Variables were introduced in the model by stepwise selection at the 5% significance level. Sine and cosine terms were included in the model to control for the annual seasonality of ILI incidence. Autoregressive terms (i.e., past terms of the ILI time series) were included if necessary in the final model to eliminate the autocorrelation of the residuals, a common problem in time-series data. The final structure of the model is:
Observed incidence of ILI [week t] = exp{intercept + coeff × observed incidence of ILI [week (t – tILI)] + coeff × sales of drug A[week (t – tA)] + coeff × sales of drug B [week (t – tB)] + … + coeff × sine(2πt / 52) + coeff × cosine(2πt / 52)},
where drug A, drug B, and the like correspond to classes of drugs marked by an asterisk in Table 1, coeff denotes respective coefficients of included variables, and tILI, tA, tB, and the like represent respective time-lags of these variables. We constructed 1-, 2- and 3-week-ahead predictive models at national and regional levels on a training dataset corresponding to the period from July 1, 2000, to September 14, 2003, when 3 outbreaks occurred.
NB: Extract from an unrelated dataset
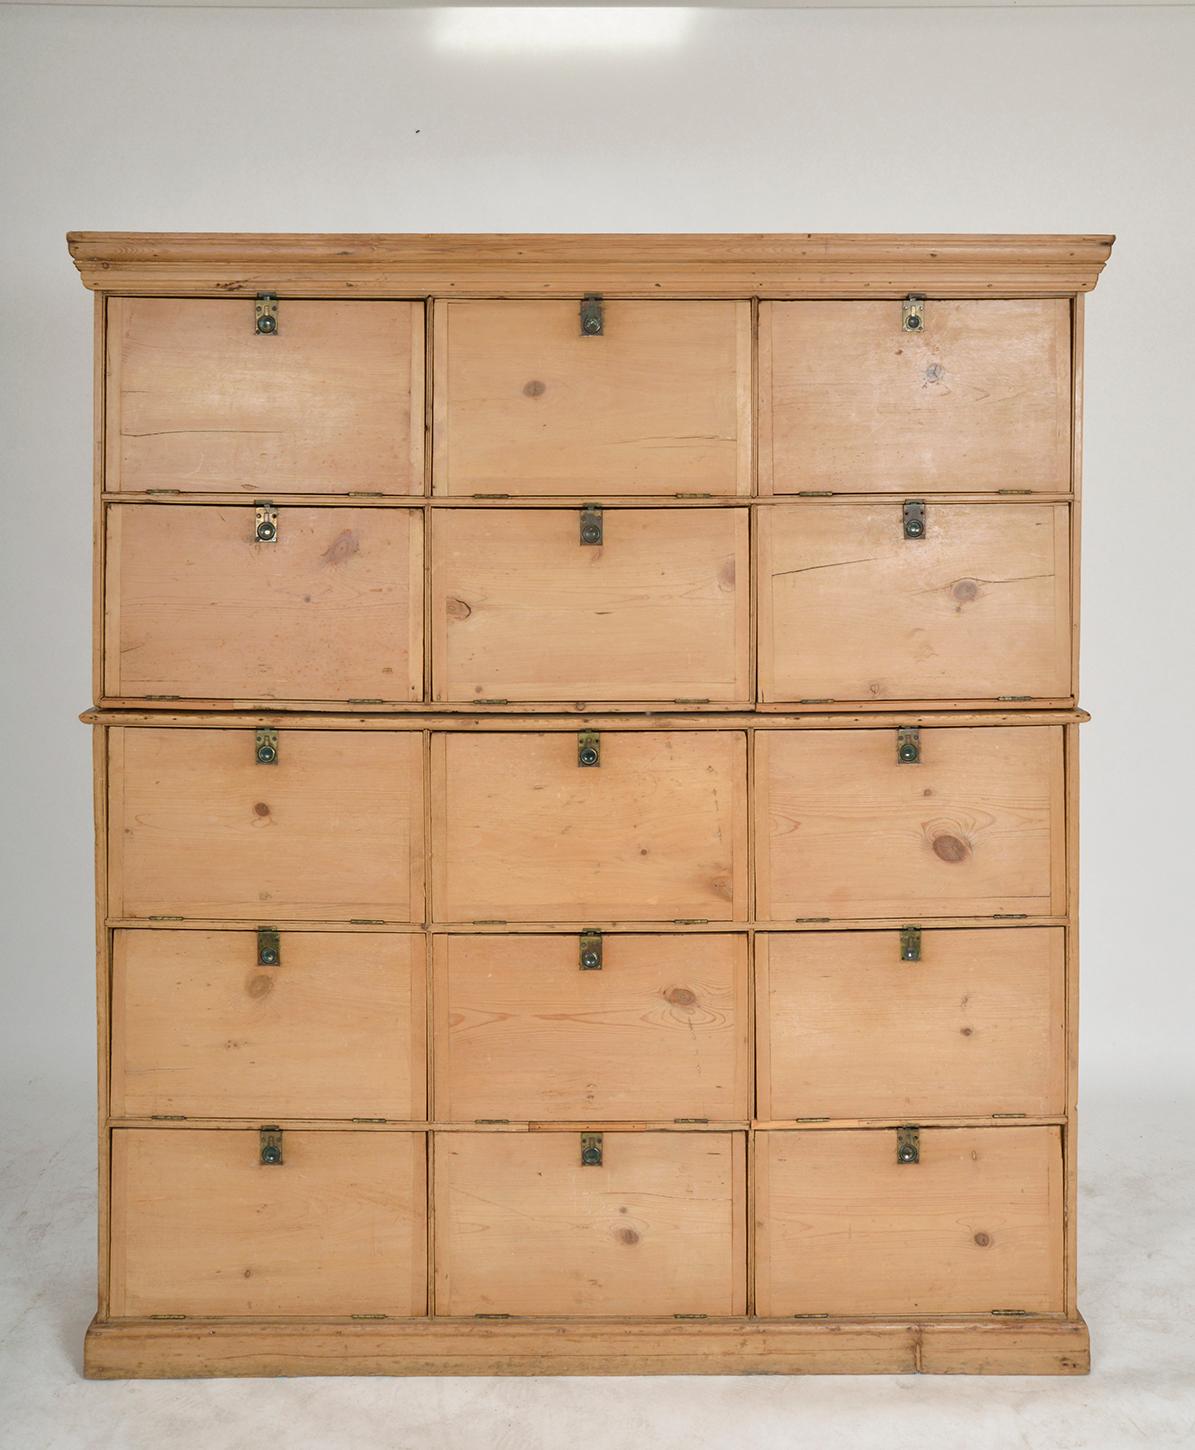 This large pine antique cupboard/locker with 15 cupboards dates from the late 19th / early 20th century, and was originally made for a local solicitors office. Inside a few of the drop-down doors, the original content text still remains, albeit

More details on the predictive models are provided in the Appendix.
Model Evaluation
A jackknife-based resampling procedure (12), which produces error bounds on the estimate of regression coefficients computed from samples that leave out 1 observation at a time, was used to check the model fit. The models were validated by forecasting the 2003–04 influenza season (September 15, 2003–August 22, 2004). Models' parameters were reestimated each week with updated data on medication sales and ILI incidence. The predictions of ILI incidence from drug sales were evaluated by Spearman correlation coefficients. The correlation between observed and forecasted incidences was assessed for each forecasting horizon (1, 2, and 3 weeks ahead) for the entire 2003–04 influenza season (September 15, 2003–August 22, 2004) and for the preepidemic and epidemic weeks (October 6, 2003–January 4, 2004). When regional models were evaluated, the correlation was calculated as the average of the 21 regional correlation coefficients.
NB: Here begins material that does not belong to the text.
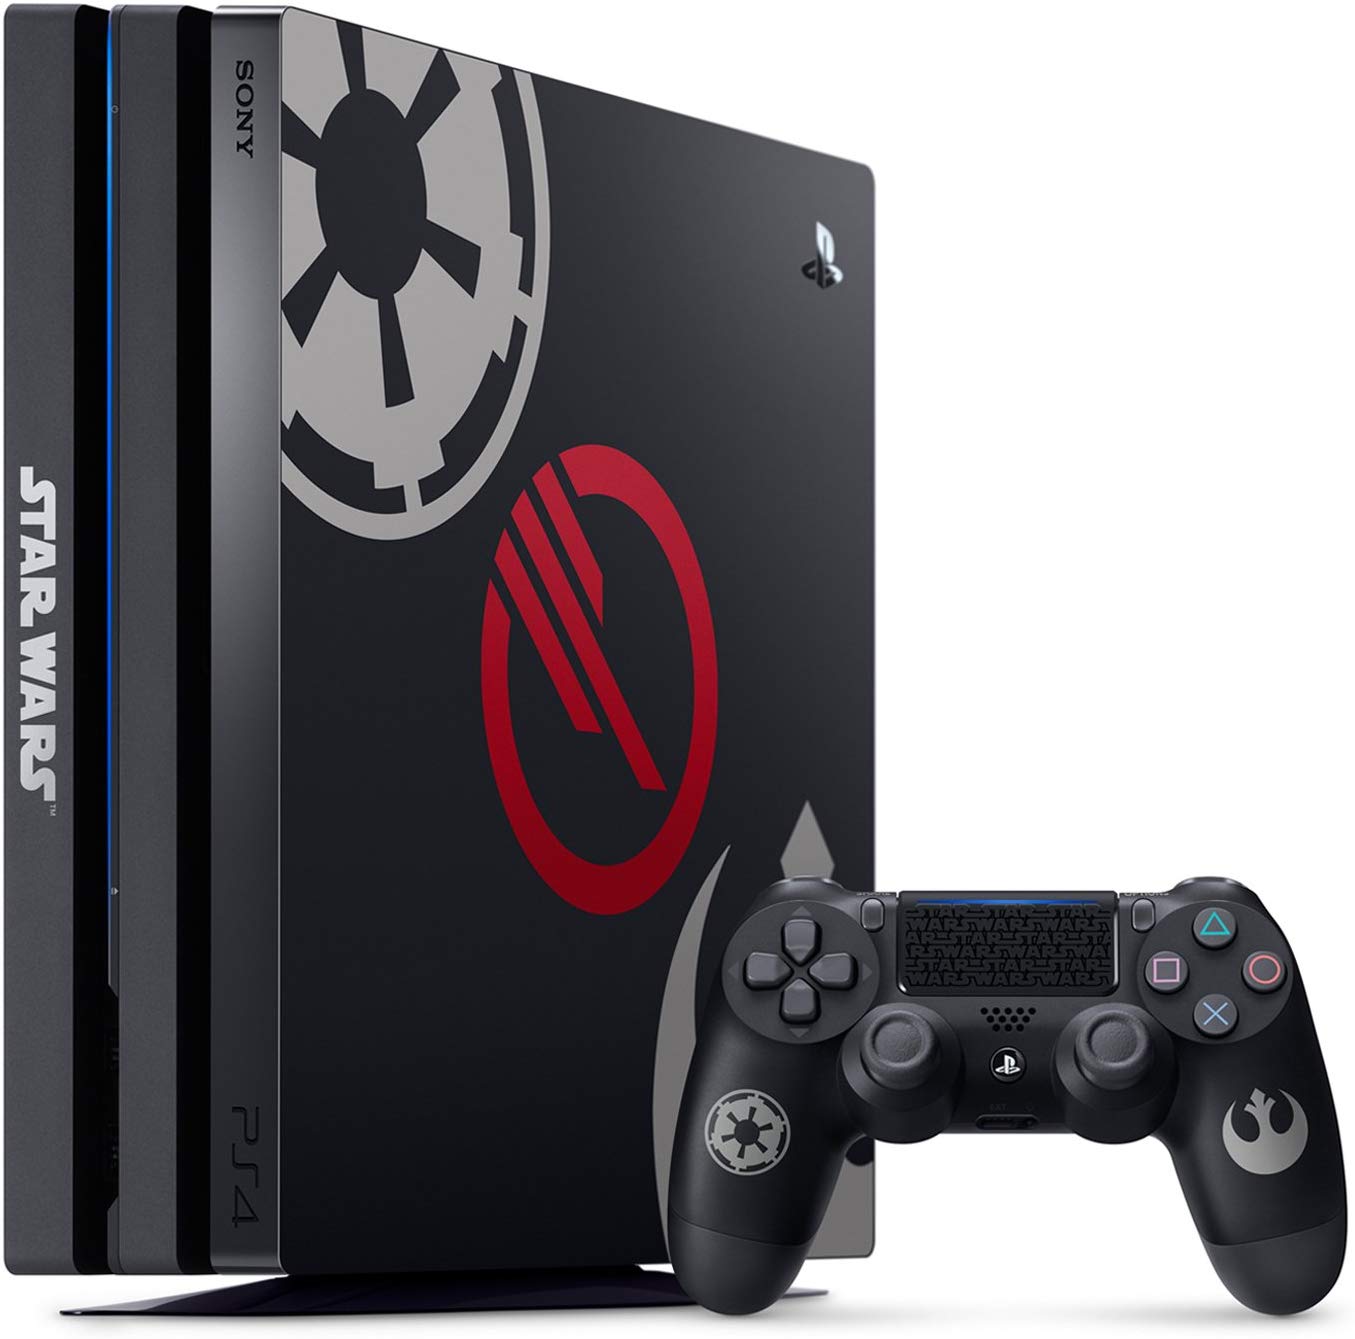 PS4Pro　CUHJ-10019 Star Wars Battlefront II Limited Edition

We compared the results of the proposed method to the current forecasting approach, the method of analogs, for the national model. The method of analogs, currently employed by FSN, uses weighted sums of vectors selected from historical influenza time series that match current activity to construct forecasted incidences (7). All statistical procedures were generated with SAS software, version 8 (SAS Institute, Cary, NC, USA).
Results
National ILI Incidence Forecast
The fitted predictive models for the training dataset for 1, 2, and 3 weeks ahead included 14 of the 19 preselected classes of drugs likely to be prescribed or purchased for ILI . The correlation coefficients calculated on the training dataset between observed and model-recalculated ILI incidences were 0.94, 0.92, and 0.91 for 1-, 2-, and 3-week-ahead predictions, respectively (p<0.001, Figure 2).
The validation of these models, evaluated first on the entire period from September 15, 2003, to August 22, 2004, and secondly on the preepidemic and epidemic weeks of the 2003–04 influenza season, provided correlation coefficients of 0.85 to 0.96 . The correlation decreased as the time horizon for the forecast increased. The method detects well the beginning of the epidemic but overestimates the epidemic size (data not shown).
The prediction accuracy of our drug sales–based model at a national level was compared with that of the current forecasting method (the method of analogs). As illustrated in Table 2, although the correlation coefficients lie in the same range of values for both methods, they are generally higher with our method.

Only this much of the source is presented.